Volume 181, Issue 6, 15 March 2011, Pages 1171-1186
Information Sciences

A chaos-based symmetric image encryption scheme using a bit-level permutation

https://doi.org/10.1016/j.ins.2010.11.009Get rights and content

Abstract

In recent years, a variety of chaos-based digital image encryption algorithms have been suggested. Most of these algorithms implement permutations and diffusions at the pixel level by considering the pixel as the smallest (atomic) element of an image. In fact, a permutation at the bit level not only changes the position of the pixel but also alters its value. Here we propose an image cryptosystem employing the Arnold cat map for bit-level permutation and the logistic map for diffusion. Simulations have been carried out and analyzed in detail, demonstrating the superior security and high efficiency of our cryptosystem.

Introduction

Information security plays a significant role in all fields, especially those related to confidential business or military affairs. This topic is not new and can be traced back to Shannon’s classic paper [18]. In recent years, this has attracted increasing research attention [2], [3], [4], [5], [6], [7], [8], [9], [10], [11], [19], [23]. Due to some interesting intrinsic features such as ergodicity, sensitivity to initial conditions and system parameters, the use of chaotic systems for data encryption has been studied extensively [3], [6], [7], [8], [9], [10], [15], [16], [17], [20], [21], [22], [24], [26]. Chaos-based algorithms have shown exceptionally superior properties in aspects such as security and complexity [3].

The existing chaos-based image cryptosystems can be classified into two categories. In the first category, a pixel is considered as the smallest element, and a digital image is considered as a collection of pixels. However, in the second class, a pixel can be further divided into a number of bits, on which bit-level operations are performed. For example, a pixel in a grey-scale image usually consists of 8 bits, but these bits carry different amount of information. In [22], Xiang et al. proposed a selective image encryption algorithm that only encrypts the four higher bits of each pixel and leaves the lower four bits unchanged. This algorithm has a reduced execution time because it only encrypts half of the bits.

In [25], a typical bit-level cipher called Bit Recirculation Image Encryption (BRIE) was suggested. Its two-dimensional version, Two-Dimension Circulation Encryption Algorithm (TDCEA), was studied in [4]. In TDCEA, eight consecutive pixels are treated as a group and the corresponding 64 bits form a matrix M of size 8 × 8. There are two kinds of bit rotation operating on M. They are defined as follows:

  • 1.

    In the horizontal direction, Xip,r denotes the cyclic shift of the ith row of the matrix to the left (when p = 1) or the right (when p = 0) by r bits.

  • 2.

    In the vertical direction, Yjq,s denotes the cyclic shift of the jth column of the matrix upwards (when q = 1) or downwards (when q = 0) by s bits.
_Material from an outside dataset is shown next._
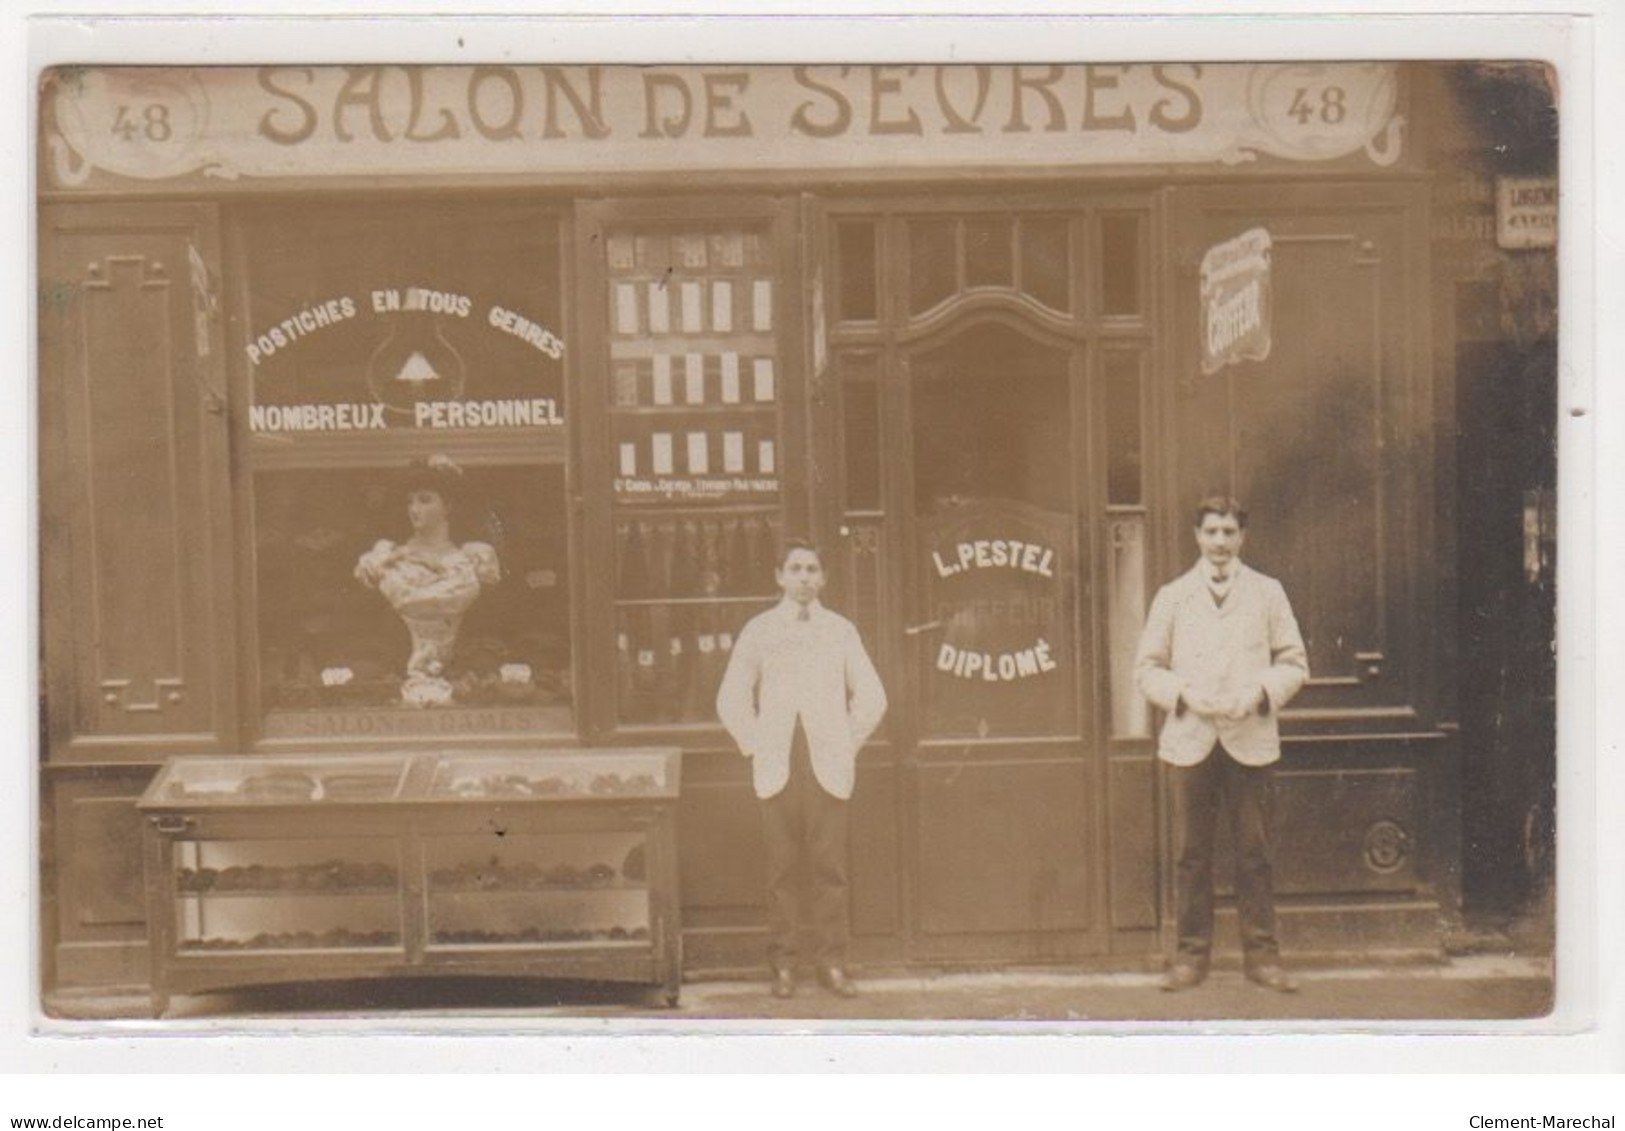 PARIS : Carte Photo Du Salon De Coiffure De Sevres (PESTEL - Coiffeur) Au 48 Rue De Sevres - Bon état - Paris (07)

The coefficients p, q, r, and s of the two rotation operations are governed by a logistic map. These operations are applied to each binary matrix, which contains 8 consecutive pixels. The encryption is complete when all the pixels have been processed.

Because cyclic bit shift is the only encryption operation in both BRIE and TDCEA, these two ciphers belong to the class of permutation-only ciphers which are insecure under a known/chosen-plaintext attack [13]. In fact, BRIE and TDCEA are cryptanalyzed in [14] and [12], respectively. Some of the natural defects of these two ciphers include the following [12]. First of all, the values of some pixels remain unchanged or have a similar value after bit rotation, which results in some subregions emerging in the cipher-image. For example, when the bits in a plain-image pixel are all 1 or 0, the TDCEA cryptosystem does not work. Second, due to the high correlation property of a meaningful image, adjacent pixels in a subregion usually have the same or similar values. This results in similar pixels in the cipher-image, even after bit rotation. As a result, the boundary of such a subregion remains visible.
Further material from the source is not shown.